Diane 35 : fausse pilule, vrai problème

Ce médicament, autorisé par les autorités sanitaires comme anti-acné, a été largement prescrit comme contraceptif depuis les années 1980. Alors même qu'il présentait des risques importants.

Le médicament contre l\'acné Diane 35, souvent prescrit comme contraceptif.
Le médicament contre l'acné Diane 35, souvent prescrit comme contraceptif. (PHILIPPE HUGUEN / AFP)

"Il faut arrêter d'utiliser [Diane 35] comme contraceptif. Cette situation a assez duré." Lundi 28 janvier, le directeur de l'Agence nationale de sécurité du médicament (ANSM), Dominique Maraninchi, a annoncé des "décisions dans la semaine" concernant Diane 35 et ses génériques, responsables de la mort d'au moins quatre femmes en France. 

Mais pour certains, les autorités sanitaires se réveillent un peu tard : alors que Diane 35 est officiellement un médicament contre l'acné, elle est très largement prescrite depuis les années 1980 comme pilule contraceptive malgré des risques importants. Explications.

Un usage détourné et massif

En France, Diane a reçu son autorisation de mise sur le marché (AMM) en juillet 1987 comme traitement contre l'acné pour la femme. Sa notice, en ligne sur le site EurekaSanté (édité par Vidal), mentionne qu'elle "bloque l'ovulation et a donc un effet contraceptif", mais précise bien qu'elle "n'est pas indiquée dans la contraception orale".

C'est pourtant bien pour cet usage qu'elle a été massivement prescrite : en 2012, 315 000 femmes prenaient Diane 35, selon les chiffres de l'ANSM. Le nom comme le conditionnement du médicament, vendu sous forme de plaquettes estampillées des jours de la semaine, évoquent d'ailleurs instantanément une pilule contraceptive.
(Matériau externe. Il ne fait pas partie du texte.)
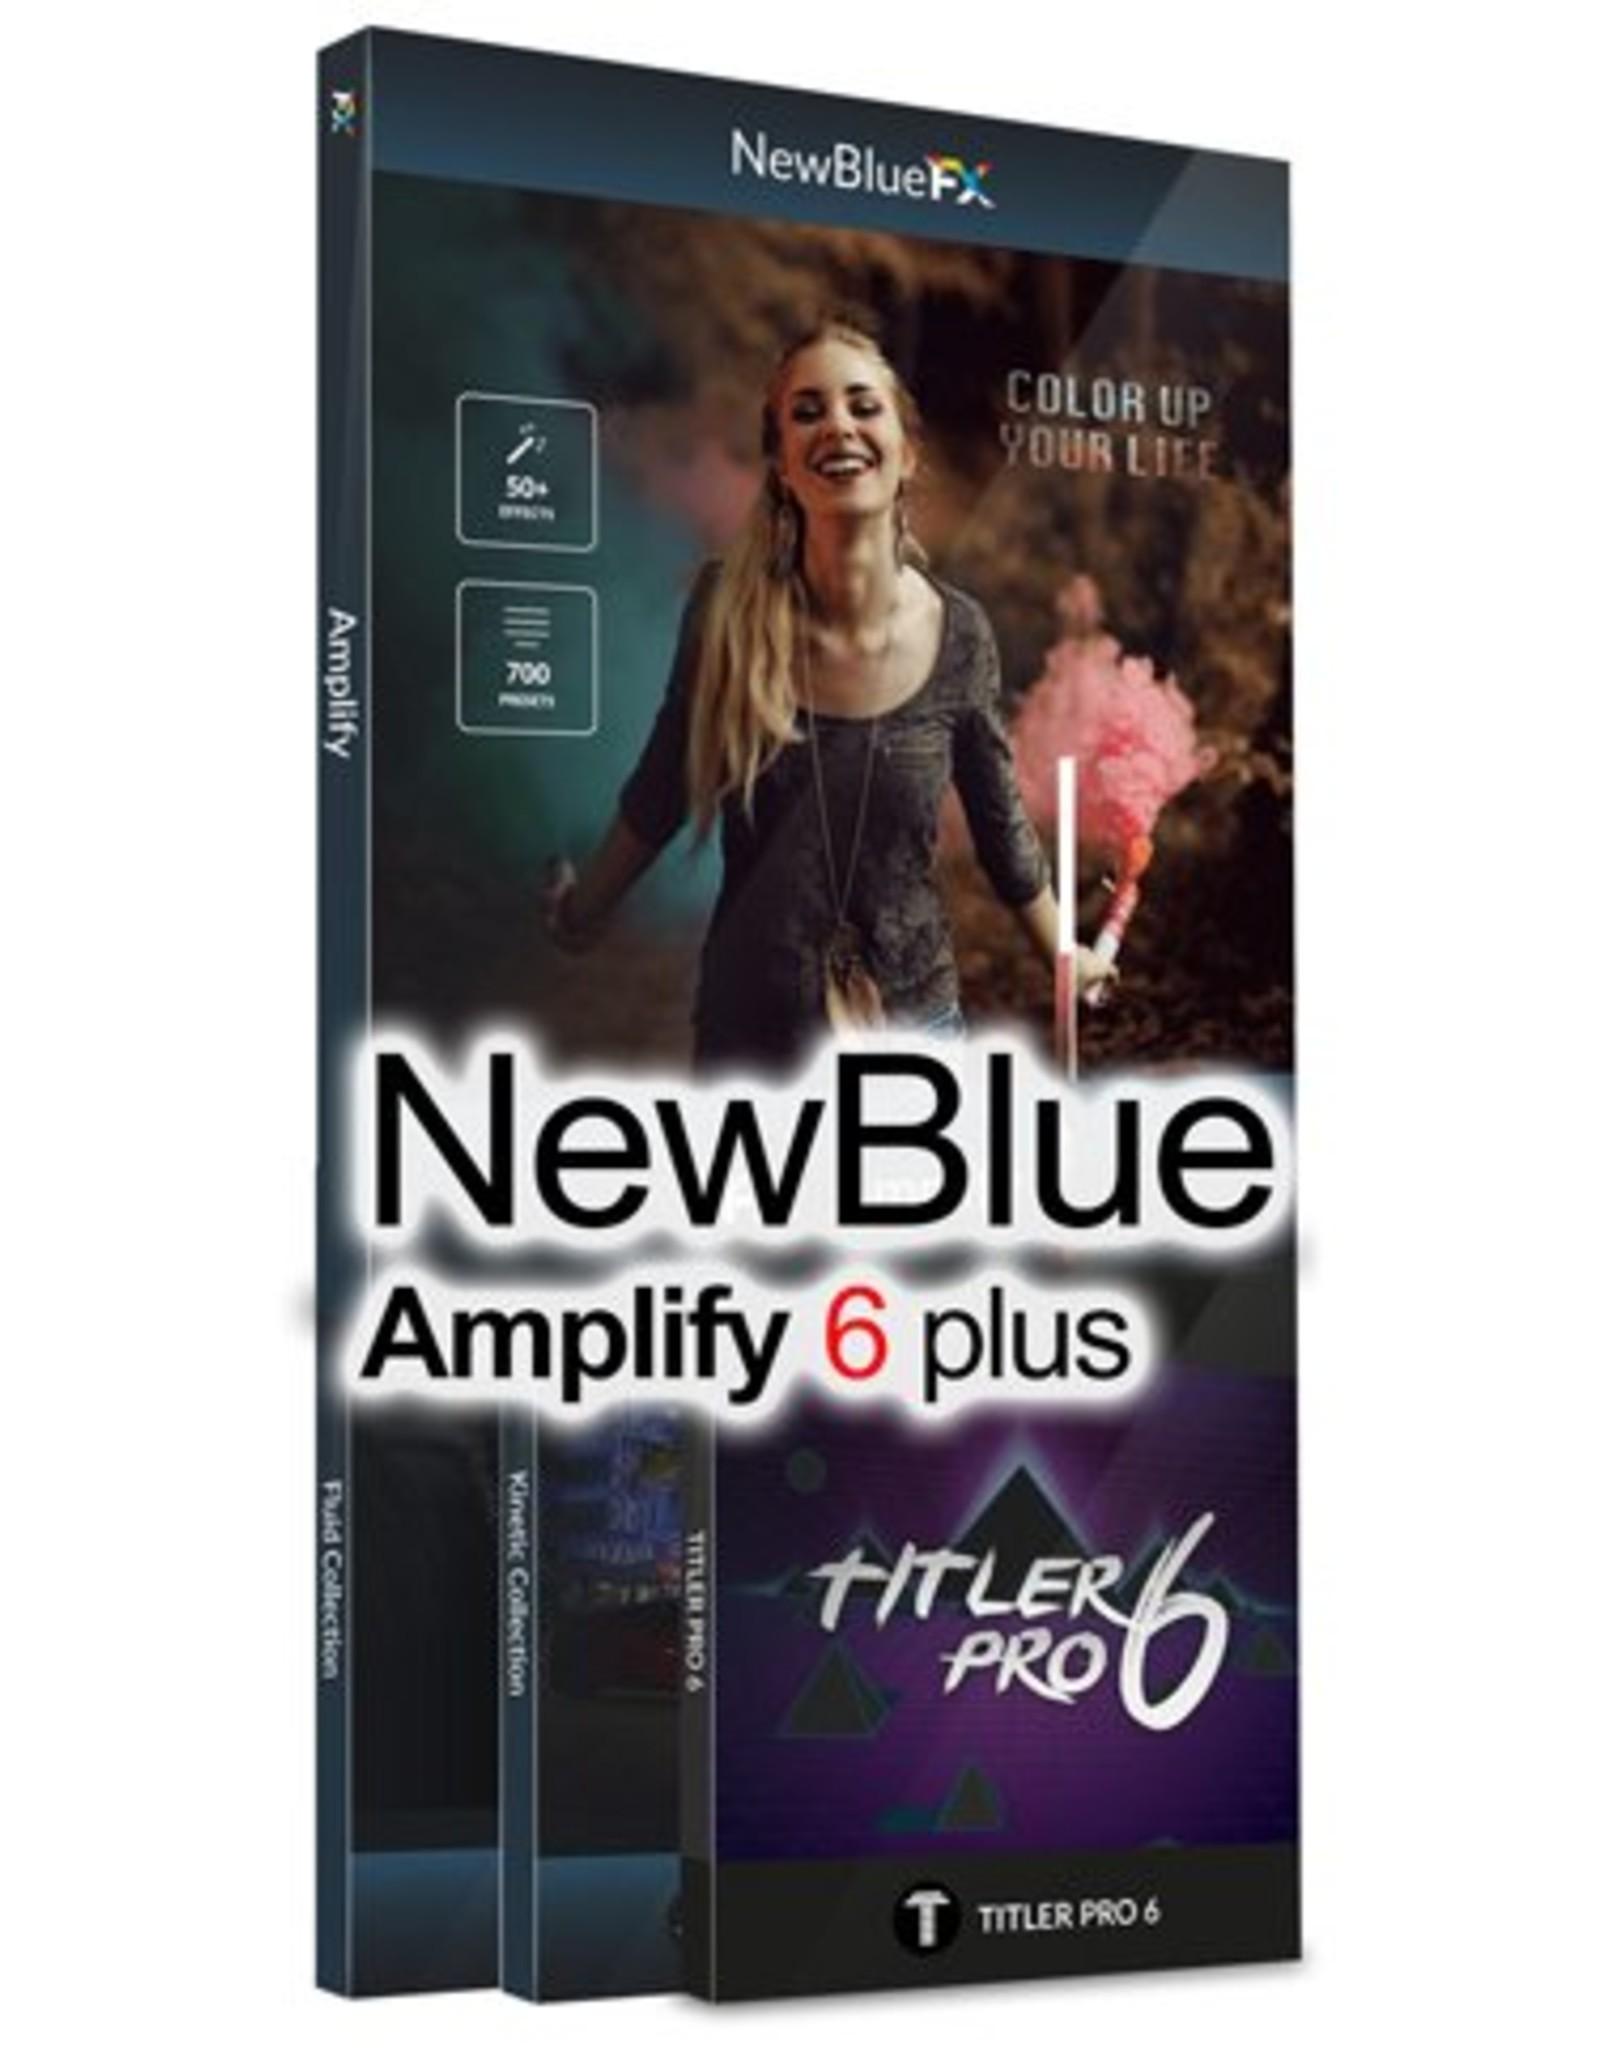 NewBlueFX Amplify 6 plus for EDIUS 9

Le Dr Béatrice Guigues, vice-présidente du Collège national des gynécologues et obstétriciens français (CNGOF), interrogée par l'AFP, reconnaît l'existence d'une certaine "ambiguïté" autour de ce médicament. Selon elle, la dérive viendrait dans certains cas d'une volonté de faire "d'une pierre deux coups""L'indication était bien l'acné, mais comme il s'agissait de jeunes filles de 15-16 ans, certains dermatologues préféraient les envoyer [chez le gynécologue] pour un petit bilan", explique-t-elle. Sans compter "qu'il n'est pas toujours très facile à de très jeunes filles d'expliquer à leurs parents qu'elles prennent la pilule".

Des risques élevés sans contrôle adéquat

La prescription massive de Diane 35 est d'autant plus troublante que la balance bénéfices/risques semble mise en cause par certains chiffres. Côté bénéfices, pour traiter efficacement l'acné, elle doit être prise pendant au moins deux ans, selon le Dr Guigues.
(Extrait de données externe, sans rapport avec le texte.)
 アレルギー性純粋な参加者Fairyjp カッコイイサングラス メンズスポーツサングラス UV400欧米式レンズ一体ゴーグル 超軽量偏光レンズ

Côté risques, elle multiplierait par 6,68 la probabilité d'accidents thromboemboliques (phlébite, embolie pulmonaire, accident vasculaire cérébral), qui peuvent être mortels dans certains cas, selon les données recueillies par Le Monde. Un niveau de risque qui la place au même niveau que les pilules de 3e et 4e générations, aujourd'hui sérieusement mises en cause après une série d'accidents graves. Et ce alors même  que "son efficacité contraceptive n'a pas été évaluée par des études cliniques comme pour les pilules", explique noir sur blanc la notice.

Même si le nombre de victimes recensées est sans commune mesure avec le cas du Mediator, certains n'hésitent pas à faire la comparaison avec cet antidiabétique prescrit comme coupe-faim pour des patients désirant perdre du poids. "On n'a pas vraiment tiré les conséquences de l'affaire du Mediator", lance ainsi Me Philippe Courtois, l'un des avocats de femmes s'estimant victimes de pilules contraceptives.
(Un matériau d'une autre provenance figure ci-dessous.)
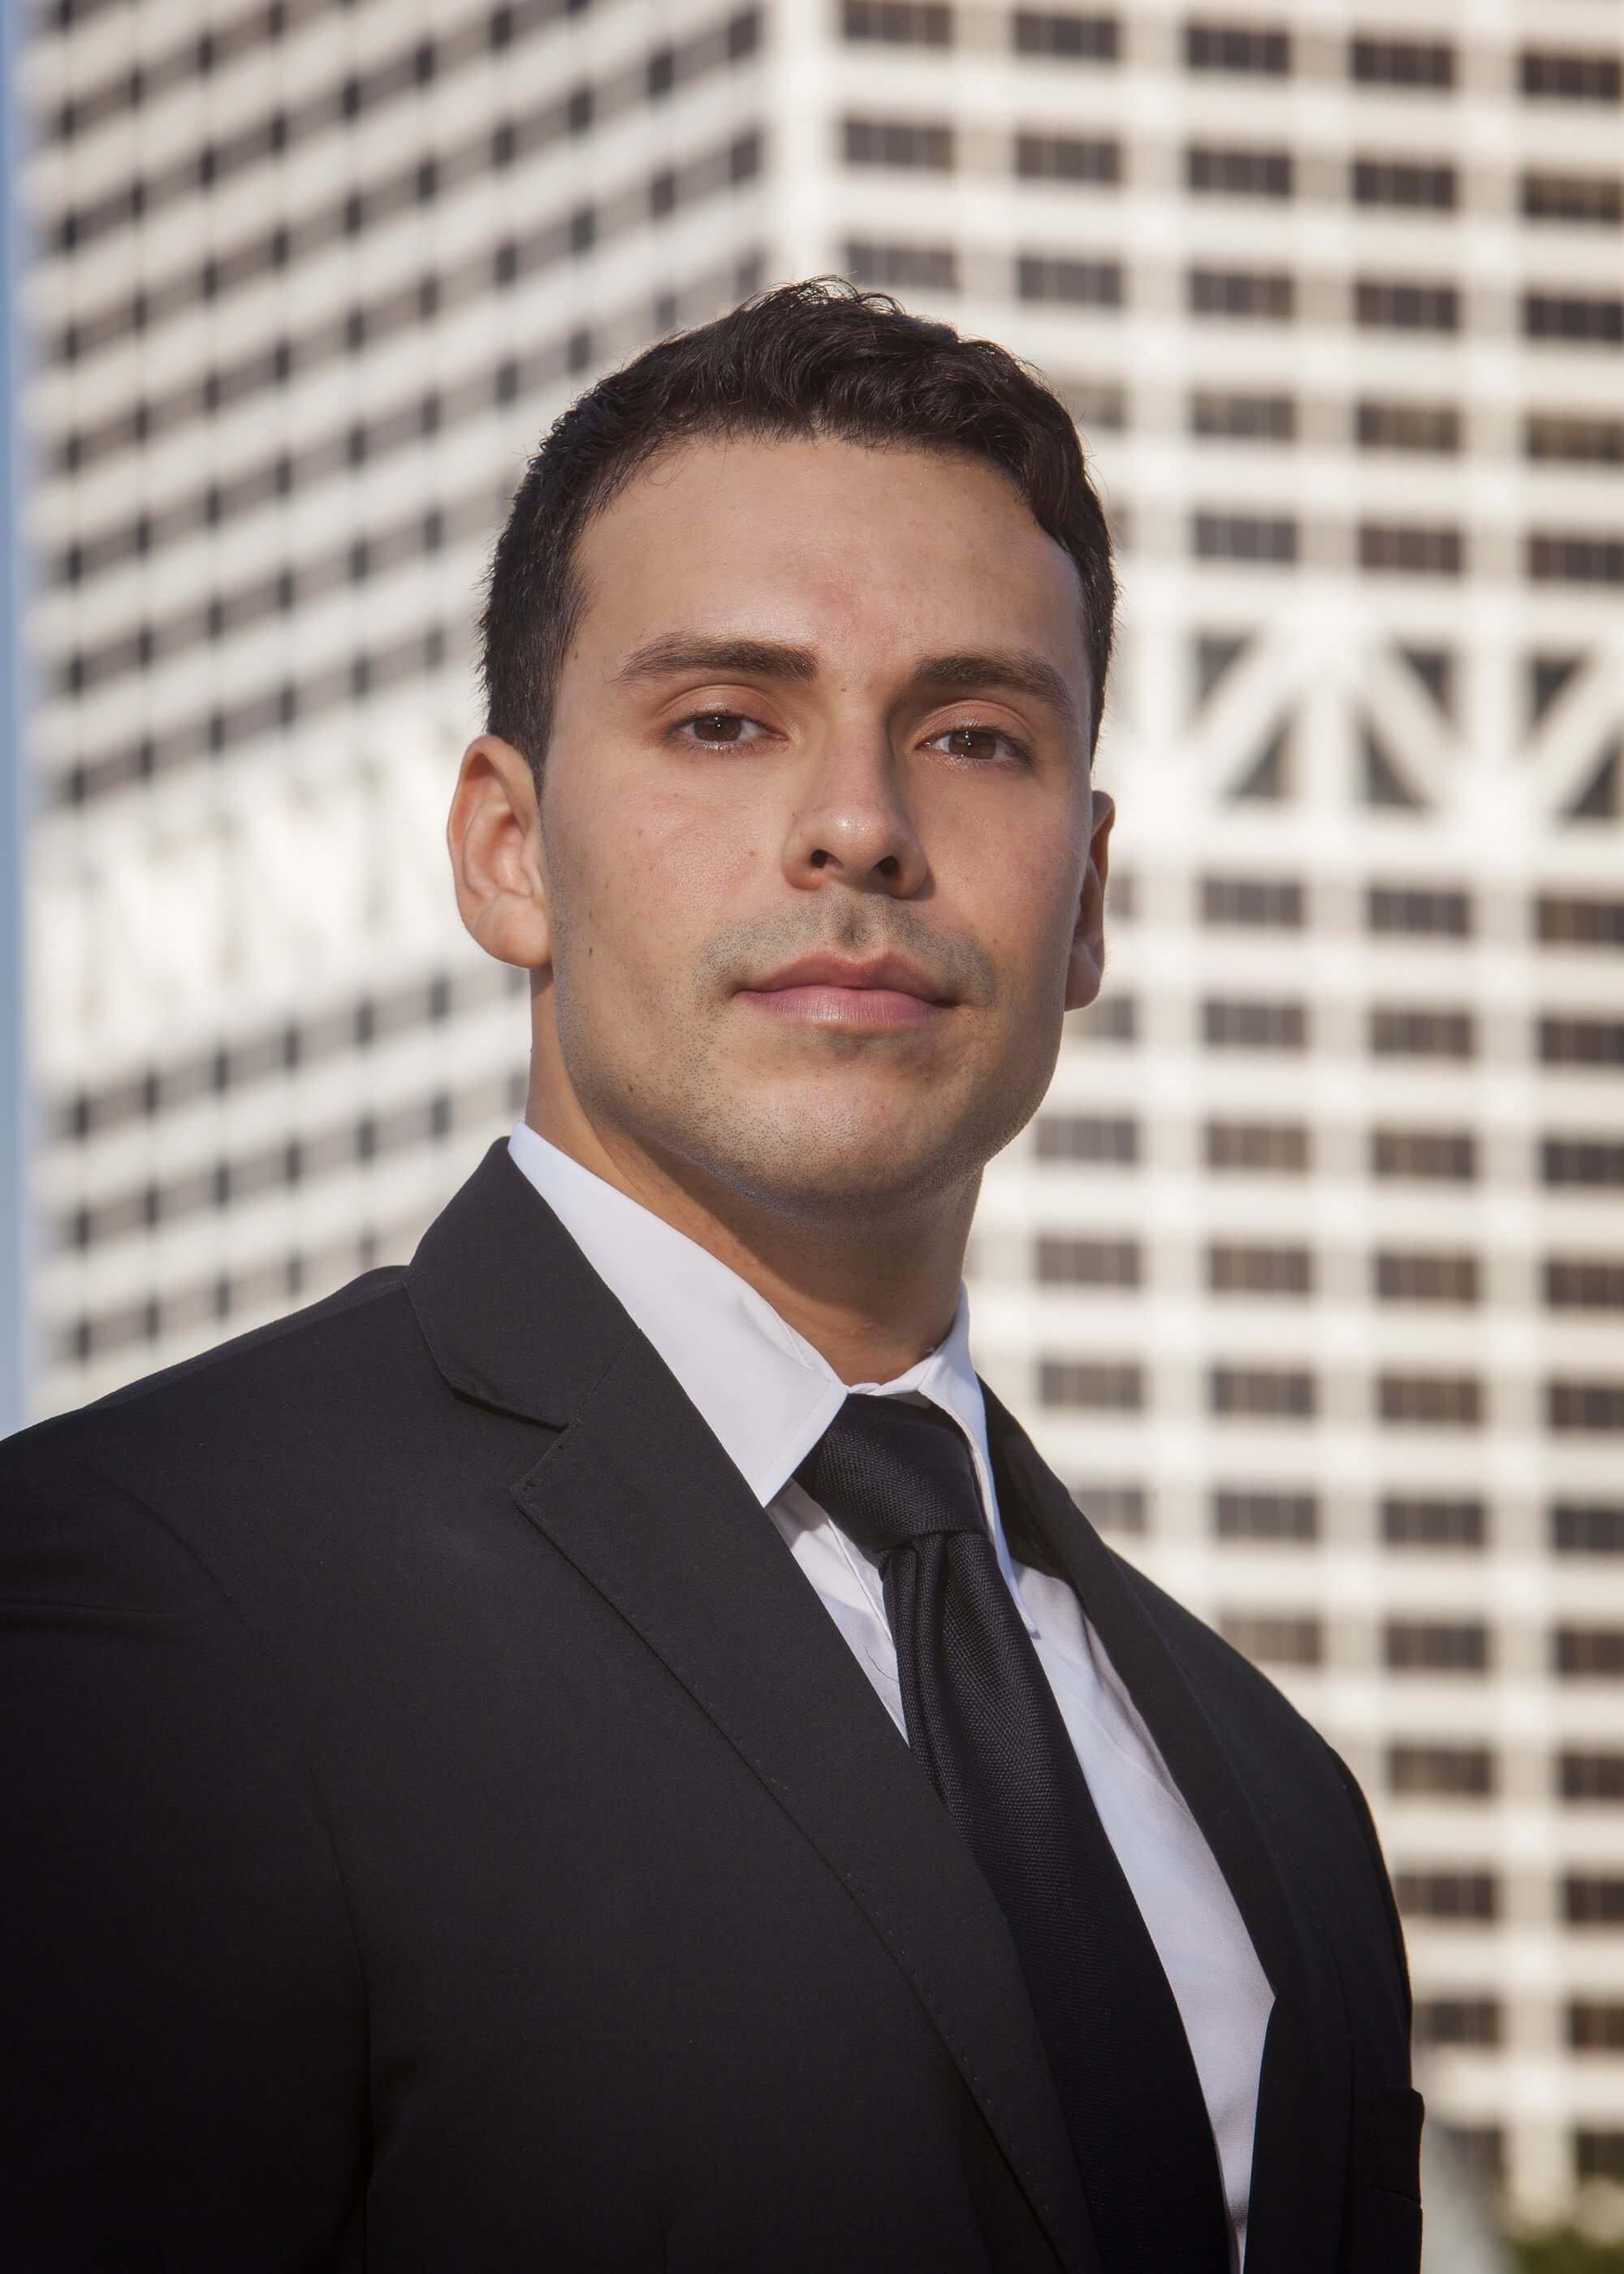 Marcus Ruiz

Le laboratoire Bayer pointé du doigt

Après les informations faisant état de quatre morts, le laboratoire Bayer, qui commercialise Diane 35, s'est défendu en expliquant que le risque de formation de caillots sanguins était "connu et clairement indiqué" dans la notice.

Mais sur le détournement du médicament comme contraceptif, les acteurs du dossier soupçonnent a minima le laboratoire de mauvaise volonté. Invité par l'ANSM à prendre les mesures nécessaires pour obtenir une AMM comme contraceptif, Bayer a fait la sourde oreille, révèle une enquête du Monde (article abonnés).

"Le prix est 7 ou 10 fois le prix d'une pilule", explique au quotidien Jean-François Bergmann, vice-président de la commission d'autorisation de mise sur le marché.  "S'ils traînent les pieds, c'est uniquement pour une raison marketing. On sait très bien que 99% des gens prennent ce médicament pour une visée contraceptive."